Fortunately the other diesel engine comes with the choice of six-speed manual or regular six-speed automatic gearbox. With 163bhp, this 2.0-litre HDi 160 engine will go from 0-62mph in 8.8 seconds, with the manual gearbox, and in 10.1 seconds with the automatic gearbox.

It’s a good engine with plenty of low-down pull and good in-gear acceleration that means you don’t have to change gears when faced with a steep incline or the need to overtake.

The automatic gearbox is fairly smooth and also eager to drop down a gear or two if you do need that extra bit of pace.

For the lowest running costs, the Hybrid4 model is powered by a combination of diesel engine and electric battery, much like a regular petrol/electric hybrid. The diesel engine produces 163bhp while the electric motor makes 37bhp. The combined 200bhp means you will go from 0-62mph in 8.6 seconds and on to a top speed of 131mph.

This engine is paired with the same EGS gearbox found in the lower powered diesel.
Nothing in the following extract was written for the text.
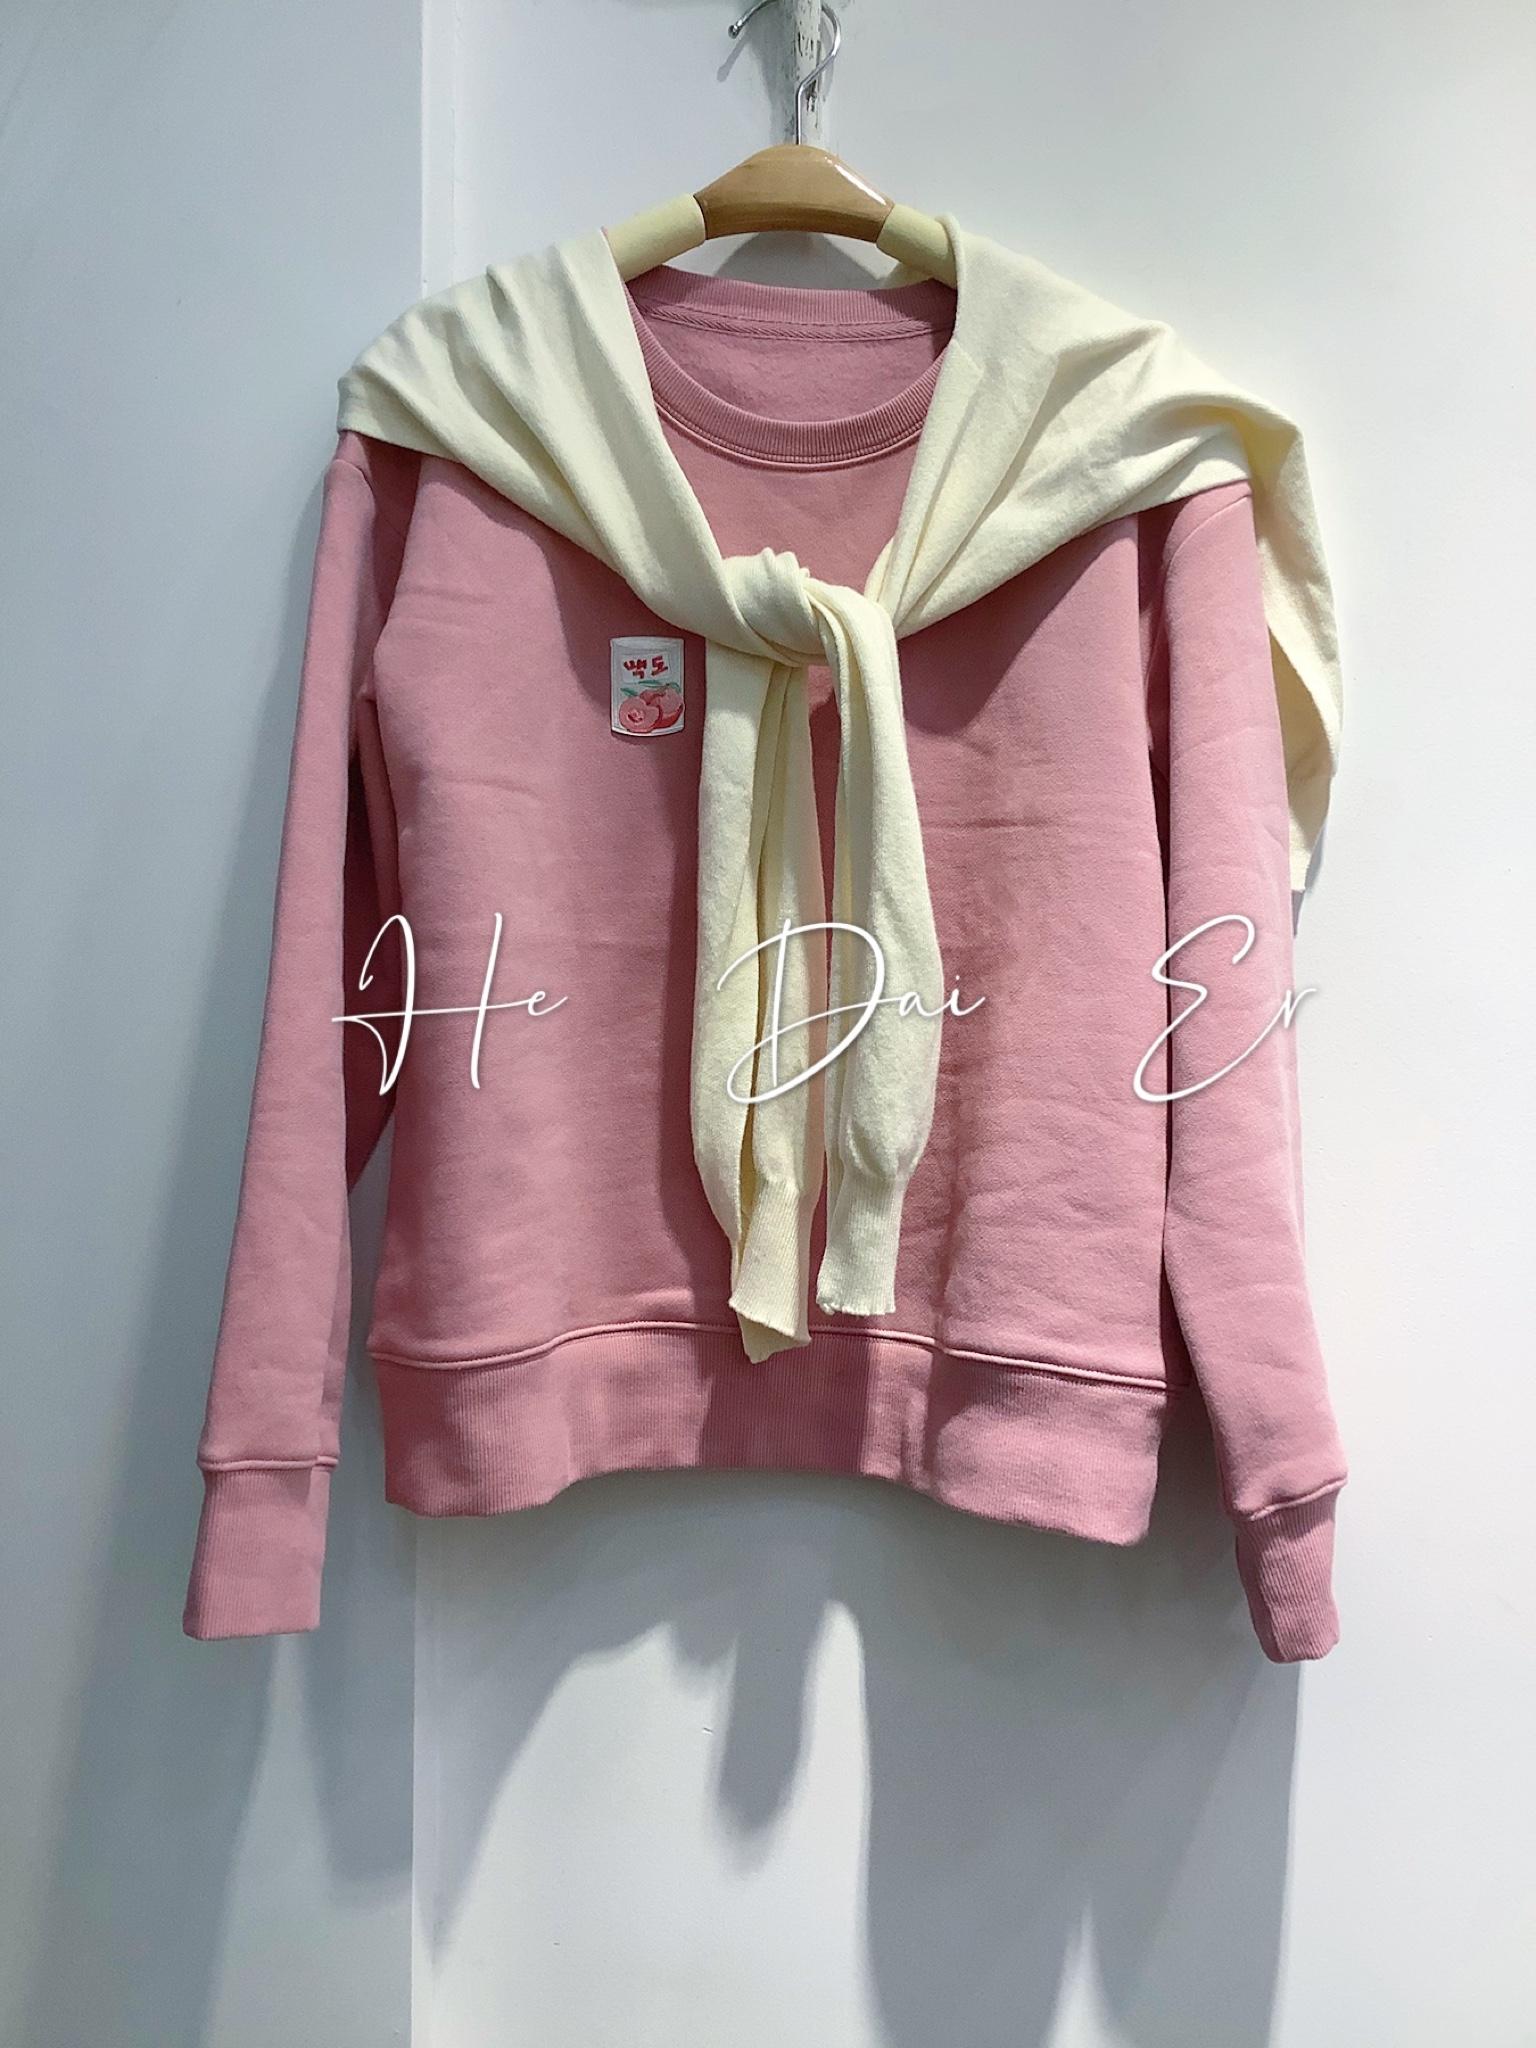 粉红色卫衣 2020秋冬新款修身韩版显瘦粉红色磨绒卫衣小个子女生卫衣学生卫衣_推荐淘宝好看的粉红色卫衣

The electric motor’s additional propulsion, however, reduces the effect of the jerky gear changes and results in a much smoother drive than the standard model. The battery pack adds around 100kg, but it doesn’t have a noticeable effect on performance. The power delivery is smooth and the electric motor gives that added boost when it’s needed.

There are four driving modes to choose from in the Hybrid4. The default Auto mode switches between diesel and electric power to optimise fuel economy while Sport mode combines the two to provide extra power and more responsive acceleration. ZEV mode enables the car to be driven using just the electric power up to 37mph and finally the 4WD option does as you’d expect with the diesel engine powering the front wheels and electric motor powering the rear wheels.

There’s not even a hint of the boat-like cornering or wallow that buyers would experience in the more conventional C5. The DS5 corners incredibly flat and there’s almost no body roll at all. The ride and suspension is much harder, and while it can get a bit too much on the bigger wheels and rougher roads, it’s a big improvement over the softer setups that the manufacturer normally fits.

The handling is accurate and offers a decent amount of feedback. There’s plenty of grip and the electro-hydraulic power steering is well weighted making things more assured at higher speed and in tight corners. This doesn’t mean you’ll struggle once you get caught in any narrow streets, though. The steering becomes lighter at lowers speeds, allowing for easy manoeuvring - even in smaller spaces.

The Hybrid4 doesn’t feel quite as agile as the other models due to the extra 100kg that the electric motor adds to the car.